The book is an exploration of the complex human mind, an exploration of individuals under a palette of brain malfunctions. Oliver Sacks reveals some of the spectacular cases he encountered as a neurologist and explains each case’s particularities - the physiological implications, the associated syndromes, the social blockages. He approaches each case, not just from a medical perspective, but with a peculiar sensitivity, with the philosopher's eye. He criticizes the classical approach of neurology and medicine that tends to reduce a human being to a pure mechanized system, rather than see it as a personalized soul with unique character. He gets deeper, exploring the un-investigated and discovering a hidden world of the simple.
The man who mistook his wife for a hat is a musician professor who becomes unable to recognize faces and define objects in accordance with their shape, unless they possess a very distinctive single feature. Images does not integrate in whole, inter-relational, bigger landscapes, but remain isolated objects that often interchange their conventional, logical positions. The whole outside world is sustained by the inner music that fuels the capacity of accomplishing daily tasks. When the inner music stops, so does his coherence with mundane activities.
The disembodied woman is a young woman whose sudden collapse of feeling her own body, makes impossible the coordination of her body parts and whirls them in a chaotic, out of control play. Her attempts of grabbing or holding things fail, as hands lack motion acuity and seem to have their own will. Her feet feel unsteady on the ground. She ceases to feel her body like her own, she feels disembodied. Struggling to compensate for the loss of her proprioception system, she is able to coordinate her members again only by visual concentration.
The eyes right woman has lost her “left” consciousness, after the right cerebral hemisphere was severely affected by a stroke. The left visual field is dark, she can not look left, she can not turn left, she regularly forgets to make-up her left-sided face, she can not rotate her plate towards left. All her instinctive impulses, her attention, her natural movements are exclusively to the right. If she wants to finish up her meals, she has to rotate herself towards right until the left side of the plate come into sight.
An ordinary day in the home ward. A group of aphasia-diagnosed are watching the President’s speech on TV. The speech is accompanied by frequent bursts of laugh. The nature of compensation is showing off. Their idiocy in understanding words has boosted their receptiveness of decrypting the rich spectrum of non-verbal messages: voice tone, intonation, fluctuations and emphasis, all visual cues. The inauthenticity of the speech stimulates their amusement. It’s a show of false gestures and intonations, of ridiculously emphasized tones and grimaces.

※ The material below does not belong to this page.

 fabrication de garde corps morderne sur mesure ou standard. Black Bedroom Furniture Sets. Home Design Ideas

Watching this amused group, one would doubt their capacity of comprehending the speech. One would think the non-verbal language loses its authenticity if not associated with the meaning of words.
Watching this amused group, one would doubt their capacity of comprehending the speech. One would think the non-verbal language loses its authenticity if not associated with the meaning of words.

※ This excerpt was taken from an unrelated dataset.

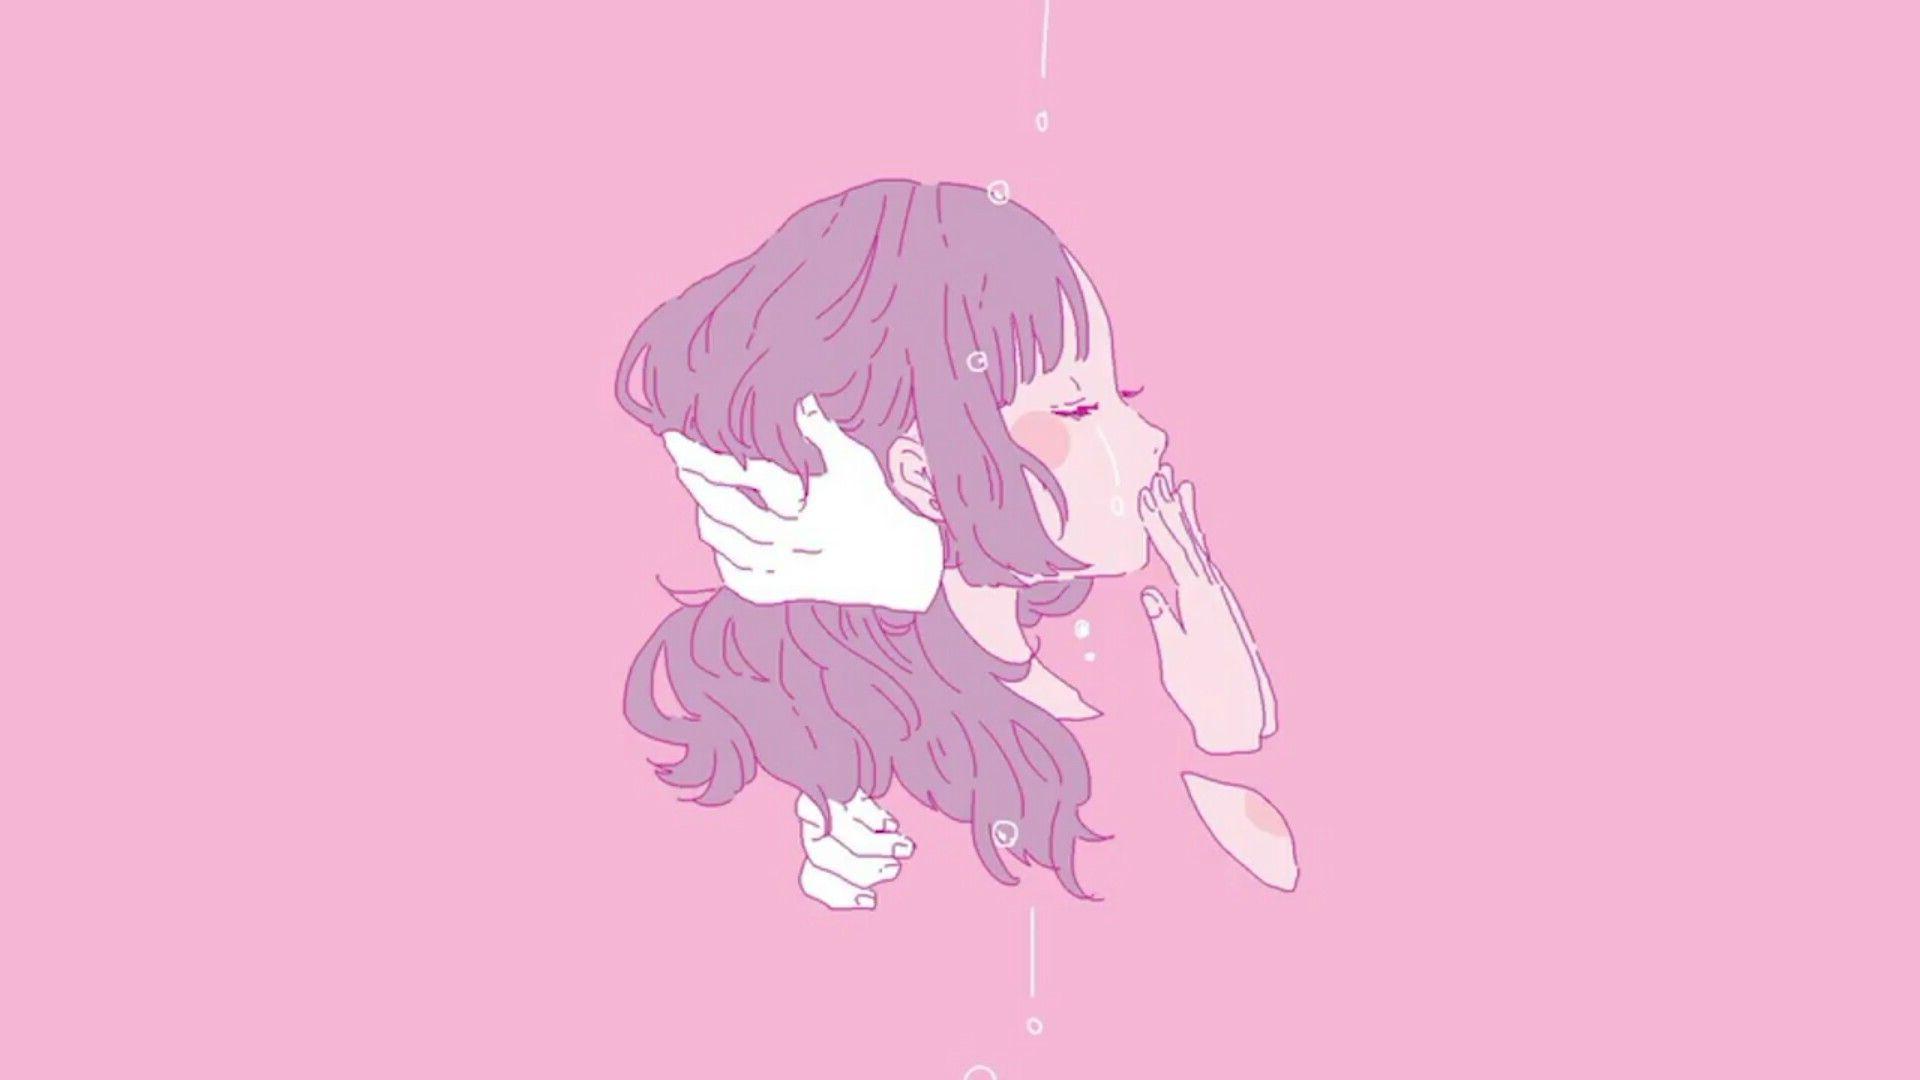 Cute Aesthetic Anime Girl Desktop Wallpapers Wallpaper Cave

But then the speech is also watched by an agnosiac lady, who contrary to the aphasiacs, can not distinguish characteristics of voice (intonation, emotions) behind a spoken message. For her, words and relations between words stand out, unaffected by other factors. Her analysis of the speech makes one doubt his/her own abilities of getting the right message. To her, the speech in itself was inconsistent and contradictory: “the speaker was either brain-damaged, either had something to conceal...”
Tourette’s syndrome becomes so embedded in one’s life that it becomes part of one’s personality. The uncontrollable seizures, the sometimes violent gestures and words make the Tourette’s patients easily recognizable. A cure for calming their inappropriate reactions would make some fear they would also loose essential personality traits. The improvised and spontaneous gestures can sometimes boost their performance in life. Should a cure threaten one’s consistency with his personality?

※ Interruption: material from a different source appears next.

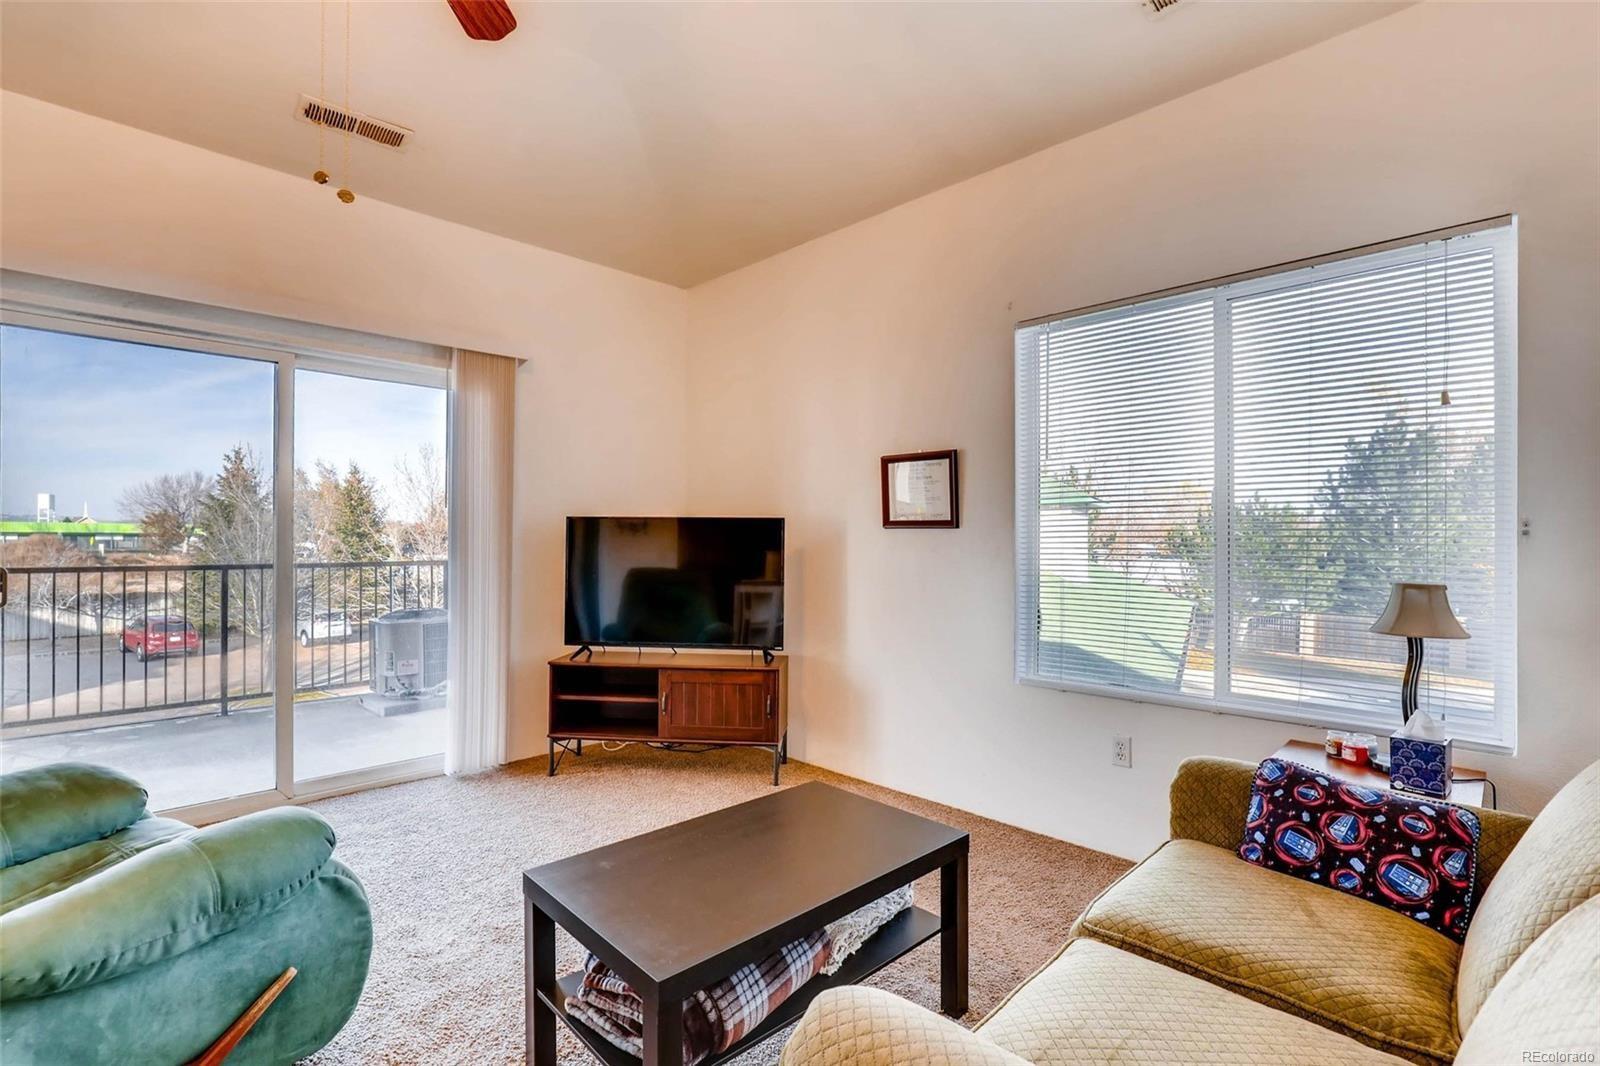 MLS# 9808696 - 12 - 2049 Legacy Ridge View, Colorado Springs, CO 80910

The dog beneath the skin is the story of a young man who experiences extreme enhancement of olfactive senses. This peculiar transition to a primordially olfactive surrounding reality turns his values around. His power of concentration as well as his interests are changing, as he becomes enslaved by the force of smell. The reception of visual information falls on second place, as he now relies on a stronger perceptional input. Places, street corners, objects, humans receive a distinct character through their exclusive smell. The story reveals how the well proportioned human senses play a big role in the normality of life.
For some, the reality is not recognizable in the immediate surrounding experience. The actions which fuel the standard “normal” lives have no meaning and no attraction for them. They are commonly looked at and labeled as retarded, unadapted, antisocial creatures. But for some of them, the reality makes sense differently, taking various shapes: of numbers, of drawings, of music. For the calendar-readers twins, who seem to have mathematical algorithms natively imprinted in their brains, numbers are regarded as friends. Numbers are full of life, have distinct characters, are personified. For the musical encyclopedic retarded, music is the only thing that gives him coherent self-expression. For the autist artist, drawing is an act of communion with the outside world.
Oliver Sacks takes each case and integrates it into normality. A normality that has no standardized forms, no prejudices, no concrete rules. A normality that expands to boundaries we might have never thought of.